The quest for beauty in science

S. Chandrasekhar was a very famous astrophysicist who featured in two earlier posts.
In 1979 he published an article in Physics Today, Beauty and the quest for beauty in science. It was reprinted in an memorial issue solely about Chandrasekhar.
It makes fascinating (but intellectually demanding) reading. The abstract is
Science, like the arts, admits aesthetic criteria; we seek theories that display a proper conformity of the parts to one another and to the whole while still showing some strangeness in their proportion.
He quotes Keats:
Beauty is truth, truth beauty that is all
Ye know on earth, and all ye need to know.
Later he states:
So far, my remarks have been confined to what we may all concede as great ideas conceived by great minds. It does not, however, follow that beauty is experienced only in the context of great ideas and by great minds. This is no more true than that the joys of creativity are restricted to a fortunate few. They are, indeed, accessible to each one of us provided we are attuned to the perception of strangeness in the proportion and the conformity of the parts to one another and to the whole.
I am considering using these quotes as a part of an introduction to a talk I have been asked to give by a Bible study group of scientists in Bangalore.

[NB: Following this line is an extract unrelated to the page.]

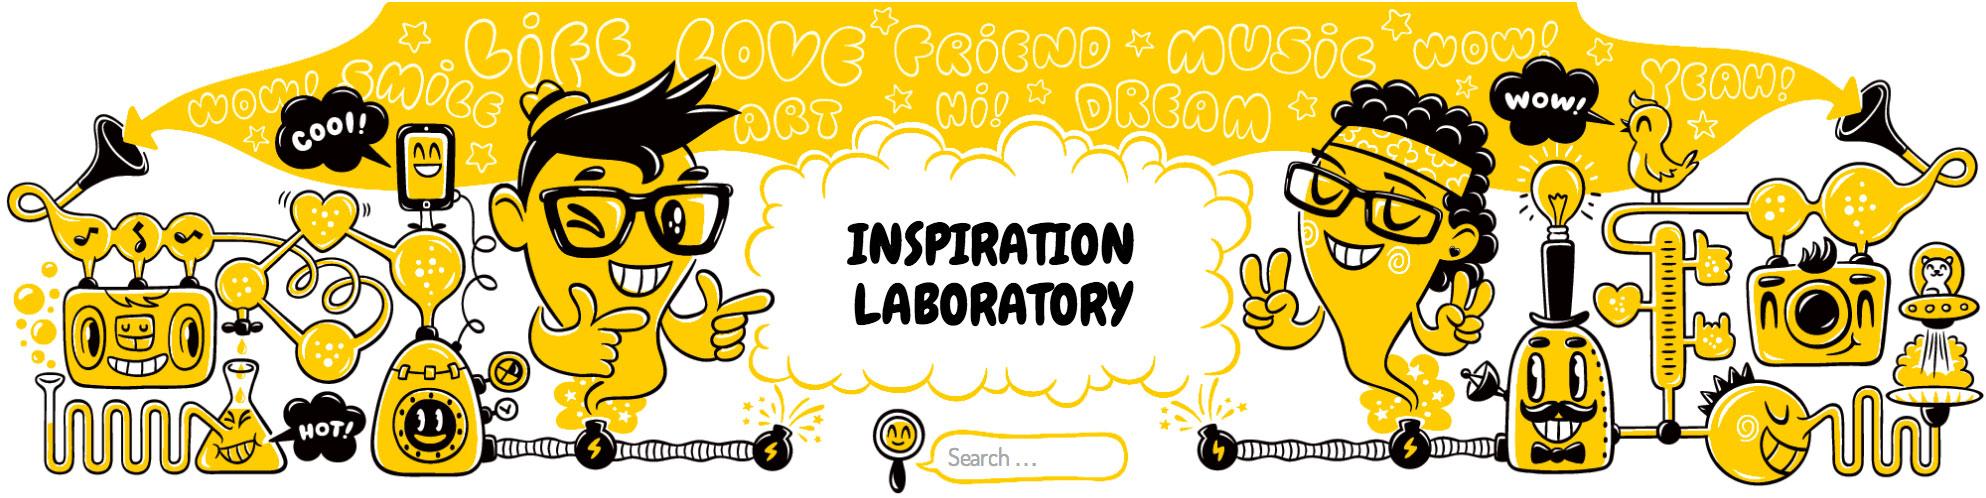 inspiration-laboratory-header-image

We can see beauty and truth in science. We should seek it elsewhere as well. Is there truth and beauty and mystery to be found in the Bible? in the life and teachings of Jesus? Do we perceive "strangeness in the proportion" (mystery) there?
Is there "conformity of the parts to one another and to the whole" (a coherent framework for understanding ourselves, God, and our place in the universe)?

1 comment:

  1. This reference provides a unique Understanding of both Quantum Reality as signalled by E=MC2, and of Art and Beauty too.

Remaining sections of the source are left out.